A soft smile played for a moment about Ed Hardin's grim mouth.

"No, Alex," he said: "I reckon I'll go by myse'f."

As he was untying the mare, those who had returned to the house gathered about him and, as Alex had done, tried to prevent his going off alone into the swamp at night.

But he swung lightly to the saddle and galloped out through the settlement, into the shadows of the giant cypress trees.

The mare was a spirited and nervous animal, and she leaped and shied as she danced among the stagnant pools that lay black in the swamp road.

In thus going out deliberately to use himself as a bait for the Unknown Beast, Ed felt that he could depend largely upon her agility and quickness to prevent being taken unawares by a sudden rush from the darkness.

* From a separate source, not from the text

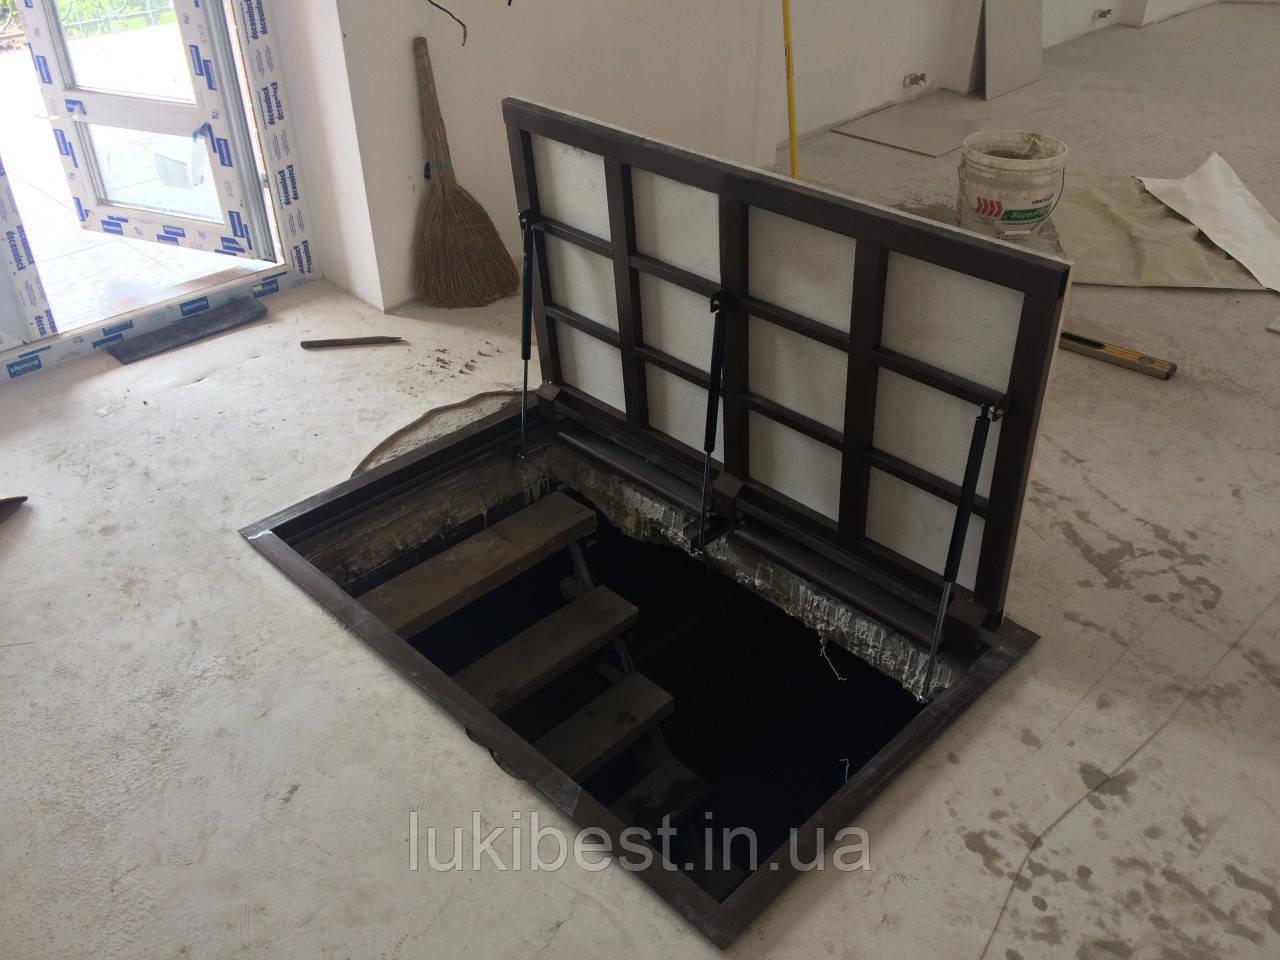 Напольный люк под ламинат 800*1000 мм Вest Lift  / люк в погреб/ люк в подвал

He drew from its holster his heavy Colt's revolver and thrust it through his belt in front, within convenient reach.

So dark was the black tunnel of the road that he could see no space in front of him, and he let the reins lie slack on the mare's neck, so that she might be undisturbed in picking her footing. And as he plunged deeper into the swamp, he experienced a lonely boding that was new to him.

Time and again, he had gone fearlessly out alone in the pursuit and capture of desperate men. Now, however, he did not know what the nature of creature it was he sought, and he had to invite an attack from the darkness in order to get in touch with it.

The night was murky, almost sticky in its heaviness, and the swamp seemed strangely silent. Only the occasional call of some night bird pierced the stillness. He was familiar with the road, having traveled it frequently, and the places where violence had occurred had been described to him in detail.

A few hundred yards to the left of the road, where he now was riding, the fisherman had met his death. He passed the place where Brandon last had been seen, and, soon after, entered the deeper recess of the swamp where the herder had been snatched into the darkness of death. Plainly, this neighborhood of violence was the creature's lurking-place.

Suddenly, the mare shied, snorted, and stood quivering, her head turned as though she saw or smelled something at the side of the road. He raised his pistol, which he now held ready cocked in his hand, and fired quickly into the darkness. As he had only one hand on the reins, it was some moments after the report before he could calm the startled animal sufficiently to proceed on his way.

Twice more, at indications of terror from his horse, guided by her forward-pointed ears, Ed Hardin fired into the black shadows at the side of the road, the discharges making lurid flashes in the darkness.

The Unknown Beast evidently was near, following him through the brush—or over the treetops. If it was on the ground, he hoped for the slender chance of killing or wounding it before it had an opportunity to attack.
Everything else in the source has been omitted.